Step 2: Add Data and Image Layers

Next, add the shapefiles that you will use as referents for the image.

Once this is done, add the image to be georeferenced.  Note that you will almost certainly not see that image, as it lacks spatial coordinates. However, the image will appear in the Table of Contents.

In this example, I have added Durham County (blue polygon) and the Durham roads layer (blue lines).

 

Step 3: Fitting the Image to the Layers

The next step will relocate the image to the center of your current window and will expand the image only to the point where the entire image is visible. In this case, Durham County is taller than it is wide, so vertical space will be maximized.

First, it is a good idea to zoom, if necessary, so that your current view roughly matches where the image will be place. In this case, zooming to the full extent of the Durham county boundary will accomplish this.

Second, under the Georeferencing toolbar, click “Georeferencing” and select “Fit to Display.” The image should be roughly aligned to the data layers, though if not, this is not problematic.

As you can see from the image to the right, there is some distance between the county boundaries of today (red lines) to the hand-drawn county boundaries located in the image (white lines).

 

Step 4: Adjusting the Map

ArcGIS georeferences images through the addition of control points. The control points tool (to the right) operates through two mouse clicks: the first mouse click selects a point on the image, and the second mouse click pins that point to a location within a data layer.

For example, in the image to the right, I have selected a major intersection that likely has not changed in the last 60 years. After my first click, where I’ve selected a point near the top of the intersection, a green crosshair is placed. As I move the mouse, ArcGIS will pin my current crosshair to a proximate layer, in this case, the Durham roads layer.

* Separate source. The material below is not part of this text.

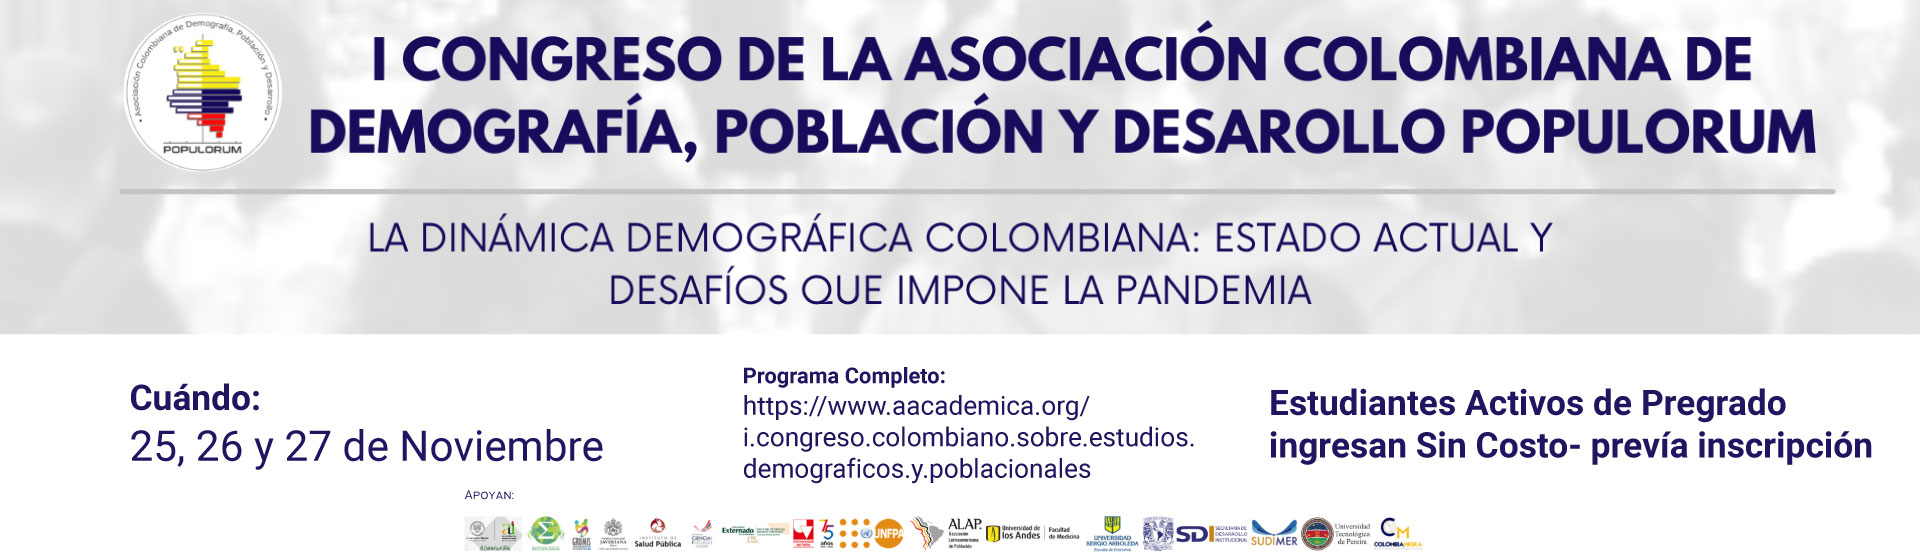 I Congreso de la Asociación Colombiana de Demografía Población y Desarrollo POPULORUM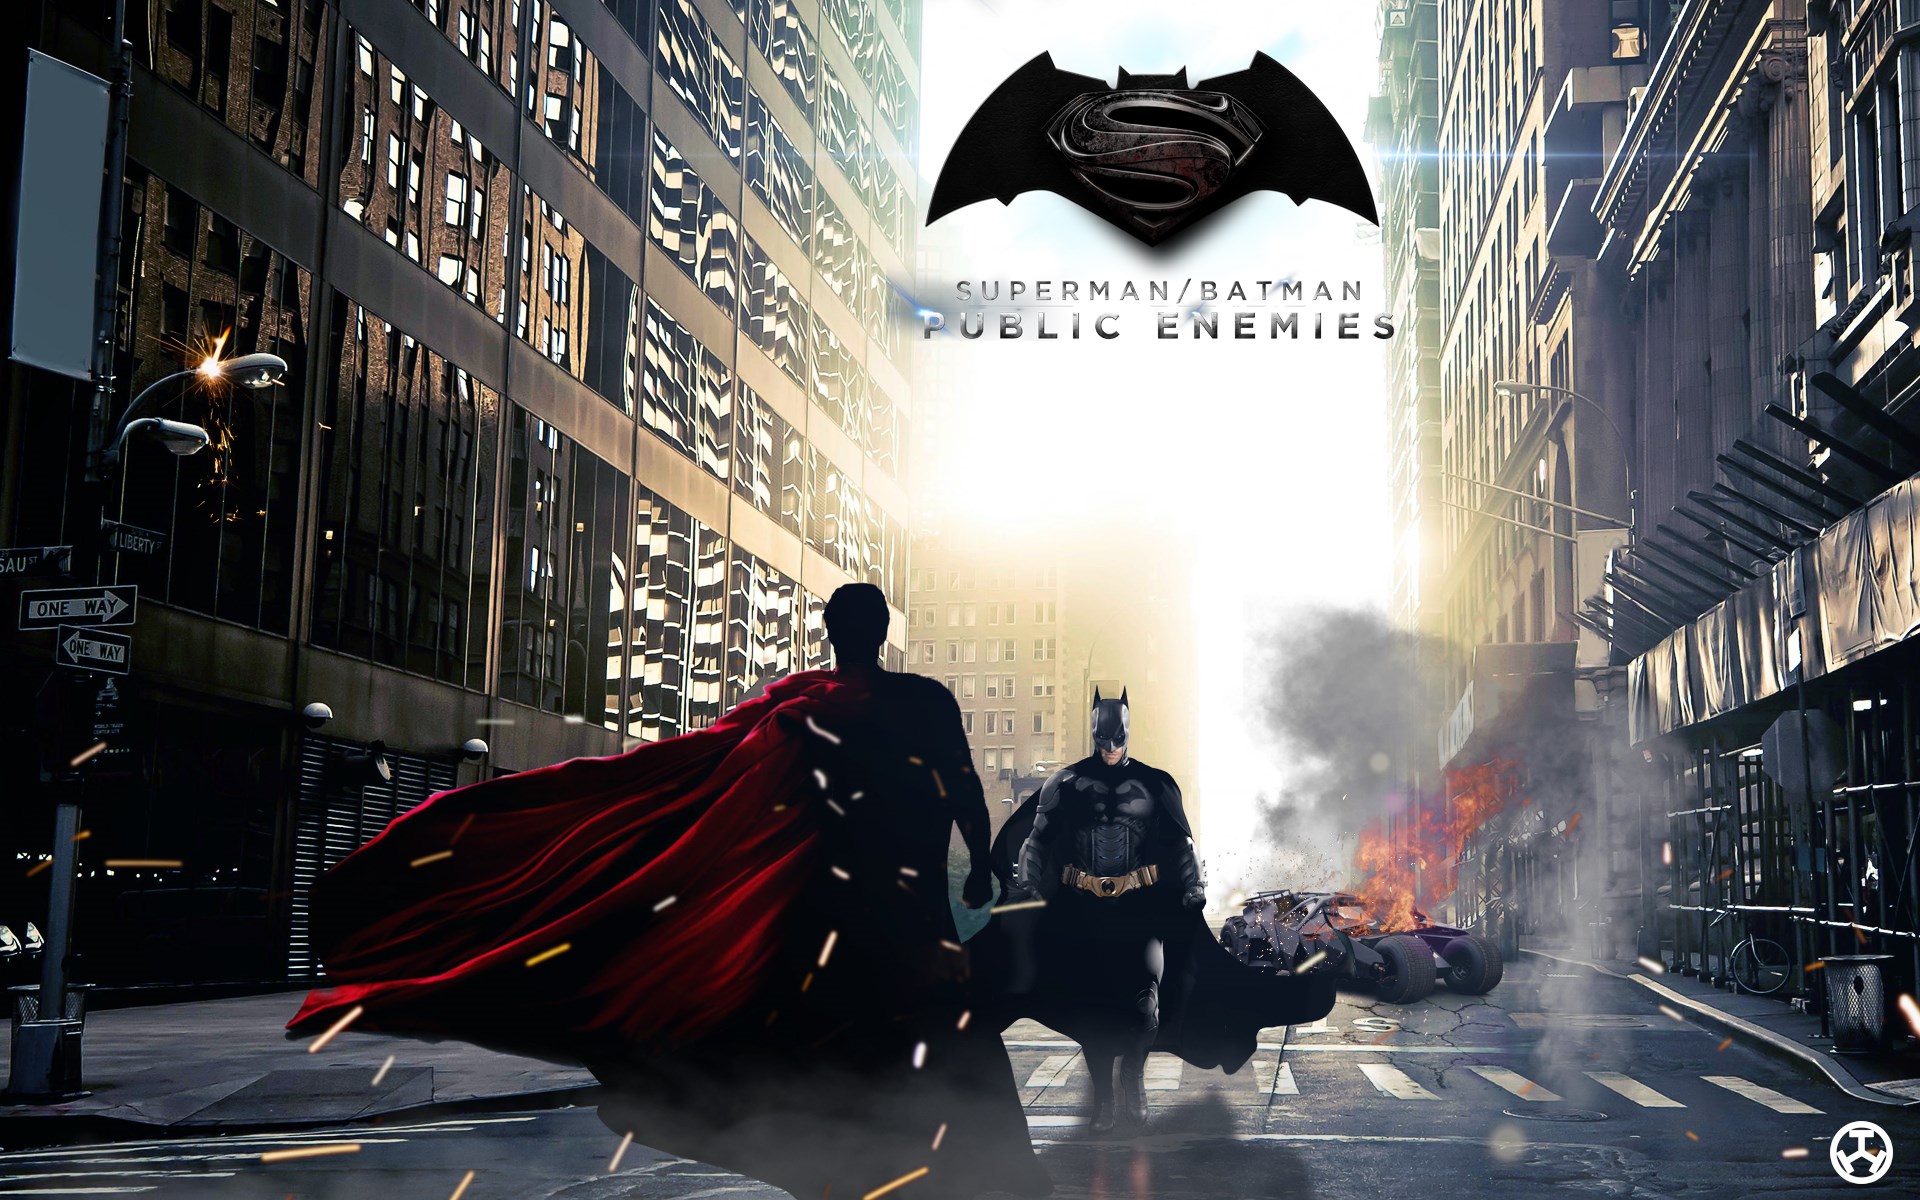 48+] Batman vs Superman Movie Wallpapers - WallpaperSafari

Once you click a second time, the map will move to conform to the new control points. Control points work in combination, so as you add new control points, your image will (ideally) match more closely to your referents.

There is a limit to how much each subsequent control point will improve fit as more points are added. Generally, it’s a good idea to zoom in to improve accuracy and to create control points across the extent of the image.

After about 15 control points, we can compare the image to the included shapefiles. As you can see, if we assume that major roads have not changed, the green lines correspond well to the image, while the county boundary does to a lesser extent.

 

Step 5: Statistics and Transformations

Before saving the results, it is also a good idea to evaluate the results. Open the Table of Points to see each of your control points and the root mean squared error of all control points.

The Root Mean Square error (RMS) provides a rough guide to how consistent your control points are to one another with reference to the map.  Note that a low value does not mean that you’ve necessarily georeferenced the image well, it means you’ve georeferenced consistently.  High RMS errors indicate that your control points are less consistent with one another in comparison with a low RMS error.  One way to address this issue is to identify especially probelmatic control points and either replace or remove these points.  However, always reevaluate how well your image maps to the referent shapefiles.

You may delete control points or add new points at this stage. In addition, you may also try different transformations, although second- or third-order transformations are rarely needed.

 

Step 6: Saving the Results

Under the Georeferencing tab of the Georeferencing toolbar, select “Update Georeferencing.” Spatial information is saved in two new files that MUST accompany the image, an “.aux” file and a “.thw” file.

 

General Tips

– Zoom close to the layer resolution in order to improve accuracy

– Use more than 1 referent if possible. In this example, the county boundary provided a rough guide with respect to how far off the image initially is, but was not used to actually georeference the image.

– Georeference to accurate features. In this example, the county boundary was hand-drawn on the image and is not as precise as photographed features, like roads.